EXERCISE DATA
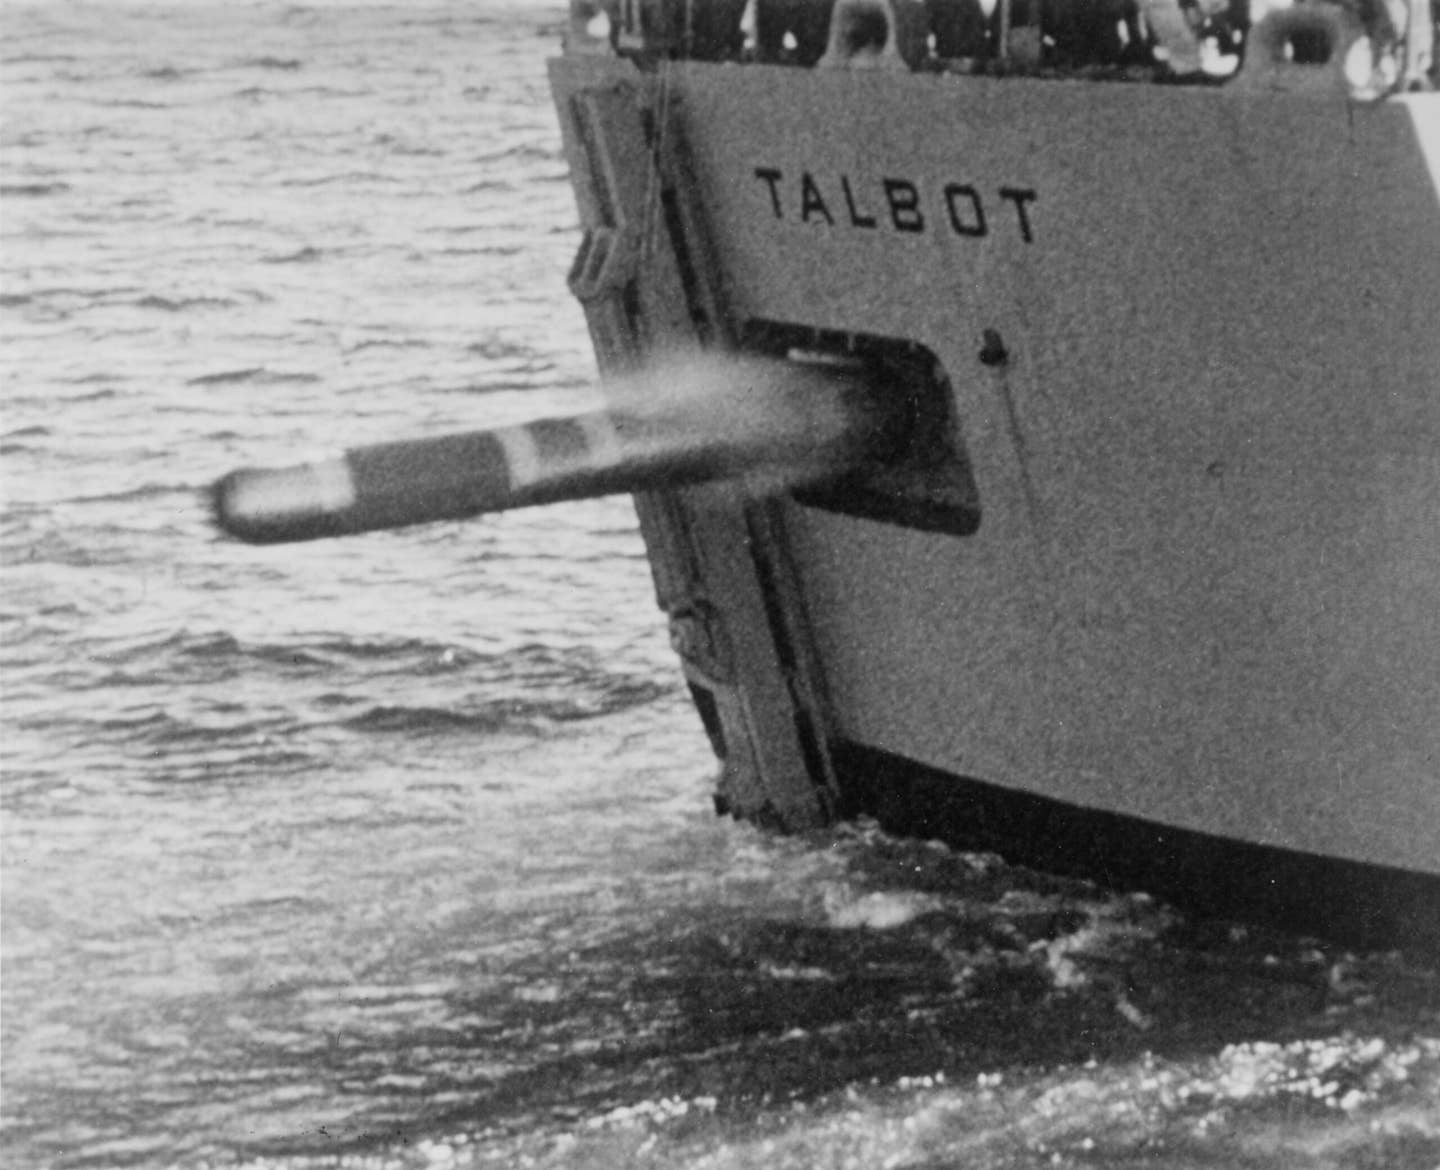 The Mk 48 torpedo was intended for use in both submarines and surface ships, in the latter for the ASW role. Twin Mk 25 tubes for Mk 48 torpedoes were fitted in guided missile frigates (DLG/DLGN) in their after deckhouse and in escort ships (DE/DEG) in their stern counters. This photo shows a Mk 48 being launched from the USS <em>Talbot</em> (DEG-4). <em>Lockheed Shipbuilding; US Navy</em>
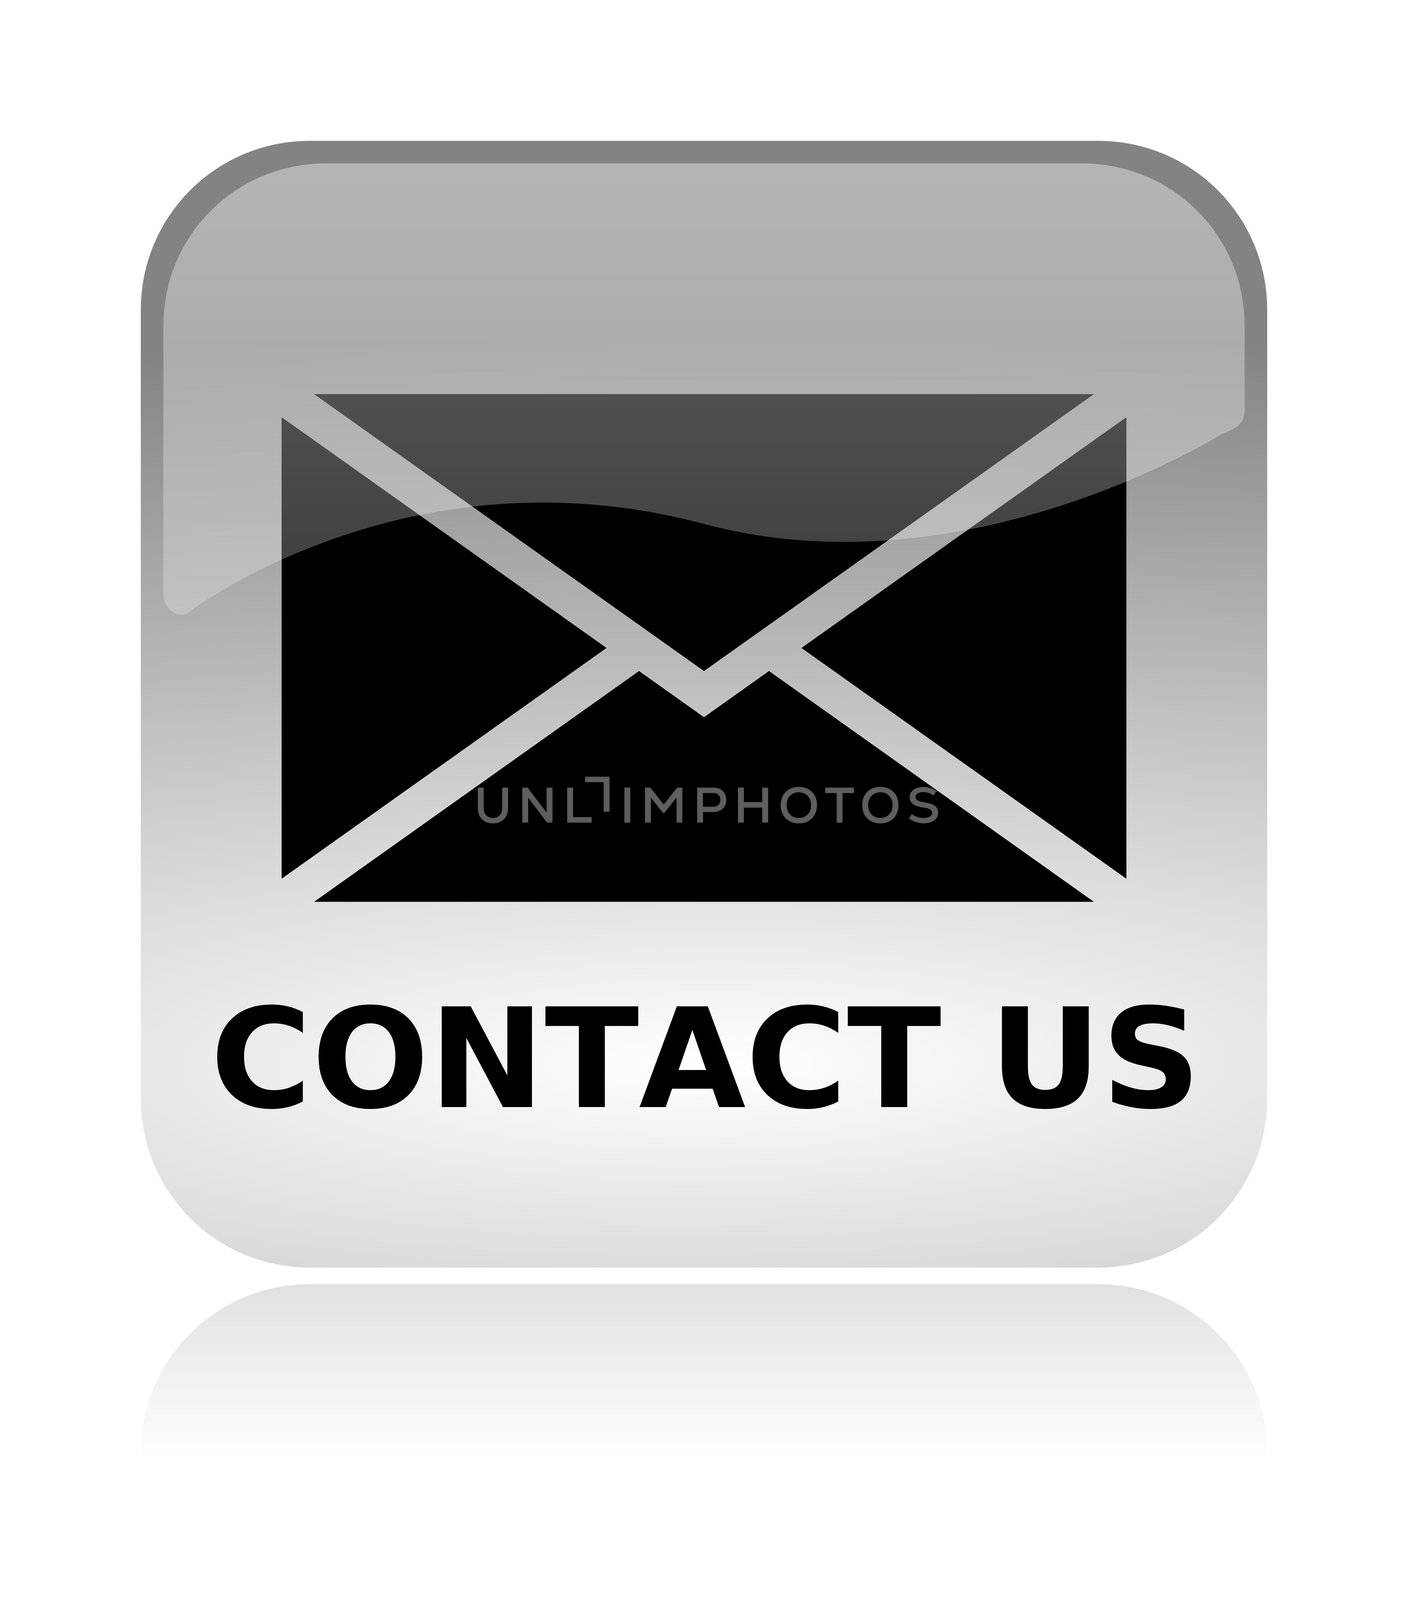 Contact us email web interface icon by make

* * *

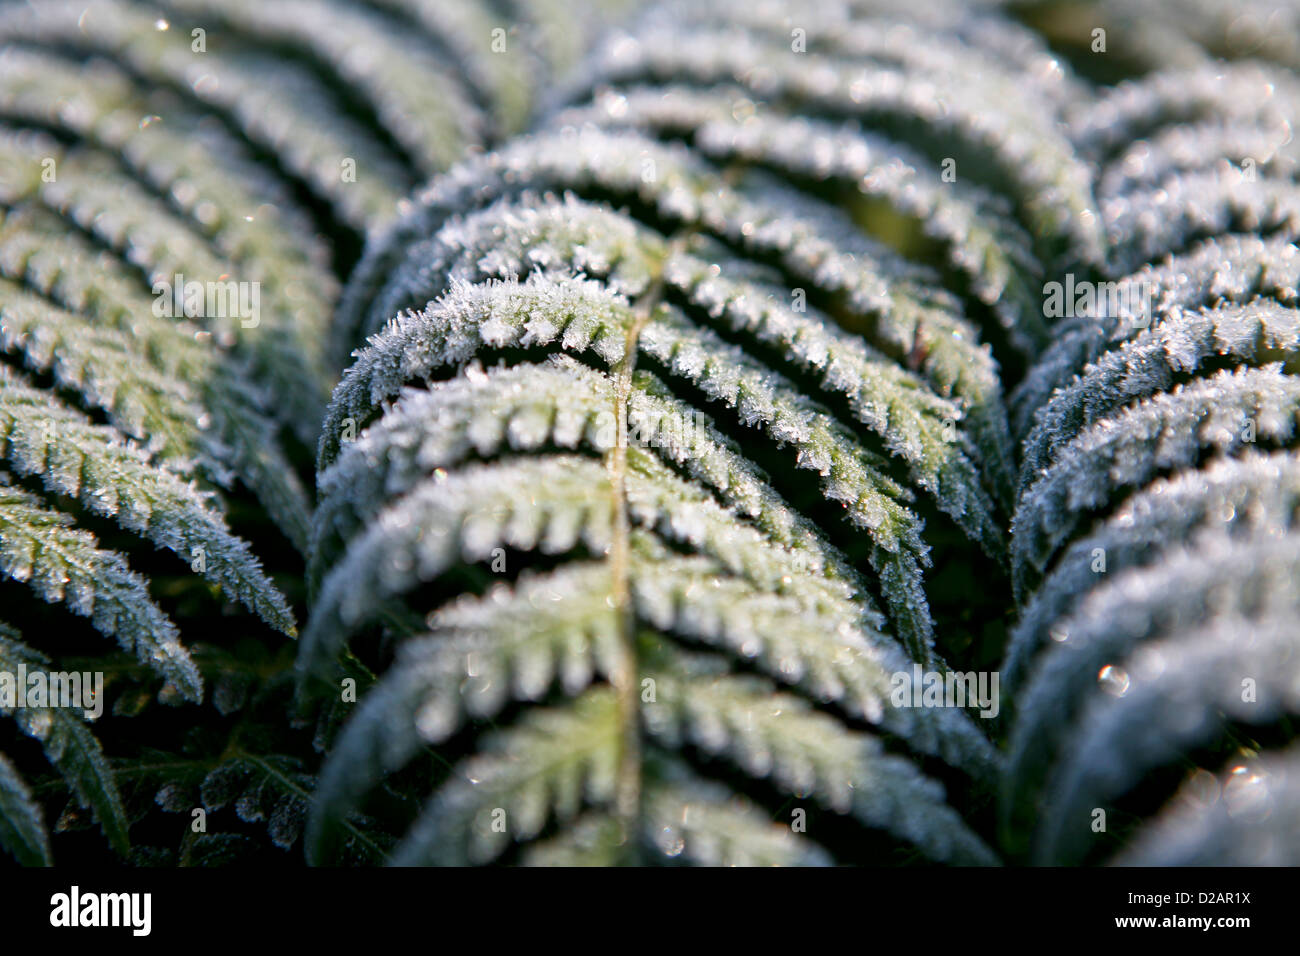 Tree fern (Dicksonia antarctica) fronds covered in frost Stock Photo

TASK DETAILS
Starting at the line above that contains "The Mk 48 torpedo", transcribe every line exactly through the line that contains "Contact us email web interface icon by make", including that last one, and skip the pictures.

YOUR RESPONSE
 The Mk 48 torpedo was intended for use in both submarines and surface ships, in the latter for the ASW role. Twin Mk 25 tubes for Mk 48 torpedoes were fitted in guided missile frigates (DLG/DLGN) in their after deckhouse and in escort ships (DE/DEG) in their stern counters. This photo shows a Mk 48 being launched from the USS <em>Talbot</em> (DEG-4). <em>Lockheed Shipbuilding; US Navy</em>
 Contact us email web interface icon by make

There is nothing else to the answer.